=== Begin Enclosure ===

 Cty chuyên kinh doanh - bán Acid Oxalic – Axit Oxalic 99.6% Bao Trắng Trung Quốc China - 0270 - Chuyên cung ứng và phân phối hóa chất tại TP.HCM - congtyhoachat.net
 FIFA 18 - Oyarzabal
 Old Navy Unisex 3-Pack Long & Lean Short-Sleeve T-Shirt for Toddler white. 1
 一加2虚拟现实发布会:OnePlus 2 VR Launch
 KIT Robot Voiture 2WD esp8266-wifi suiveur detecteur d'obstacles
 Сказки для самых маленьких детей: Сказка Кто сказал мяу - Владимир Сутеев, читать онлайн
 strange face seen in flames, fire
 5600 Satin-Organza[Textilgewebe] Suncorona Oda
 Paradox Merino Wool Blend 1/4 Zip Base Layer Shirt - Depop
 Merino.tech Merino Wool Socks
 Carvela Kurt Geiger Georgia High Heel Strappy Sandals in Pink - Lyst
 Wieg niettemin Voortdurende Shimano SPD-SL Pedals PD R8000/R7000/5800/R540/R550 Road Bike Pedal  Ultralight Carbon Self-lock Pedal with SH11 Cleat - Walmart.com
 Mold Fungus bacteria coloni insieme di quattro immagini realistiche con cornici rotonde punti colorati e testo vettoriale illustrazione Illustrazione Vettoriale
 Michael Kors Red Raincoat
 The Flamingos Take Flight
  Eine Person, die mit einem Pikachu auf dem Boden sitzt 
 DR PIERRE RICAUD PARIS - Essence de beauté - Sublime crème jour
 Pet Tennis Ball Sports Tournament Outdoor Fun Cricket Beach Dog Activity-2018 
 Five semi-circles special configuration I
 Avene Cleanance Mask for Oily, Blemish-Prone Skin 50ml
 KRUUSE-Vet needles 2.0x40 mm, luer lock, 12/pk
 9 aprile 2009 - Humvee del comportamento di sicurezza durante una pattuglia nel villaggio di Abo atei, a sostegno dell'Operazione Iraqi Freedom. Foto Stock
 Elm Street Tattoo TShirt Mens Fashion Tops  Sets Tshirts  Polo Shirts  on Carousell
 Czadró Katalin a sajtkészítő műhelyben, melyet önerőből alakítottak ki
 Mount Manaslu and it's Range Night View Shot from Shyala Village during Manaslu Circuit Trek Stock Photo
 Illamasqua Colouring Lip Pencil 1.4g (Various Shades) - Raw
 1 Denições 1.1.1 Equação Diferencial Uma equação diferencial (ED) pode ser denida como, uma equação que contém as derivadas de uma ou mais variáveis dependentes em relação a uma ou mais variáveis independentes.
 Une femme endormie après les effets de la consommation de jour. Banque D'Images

=== End Enclosure ===

• EXERCISE GOAL
Take the line that contains "1 Denições 1.1.1" and each line after it down to the last of the records, and retype them exactly; add nothing else.

• SOLUTION
 1 Denições 1.1.1 Equação Diferencial Uma equação diferencial (ED) pode ser denida como, uma equação que contém as derivadas de uma ou mais variáveis dependentes em relação a uma ou mais variáveis independentes.
 Une femme endormie après les effets de la consommation de jour. Banque D'Images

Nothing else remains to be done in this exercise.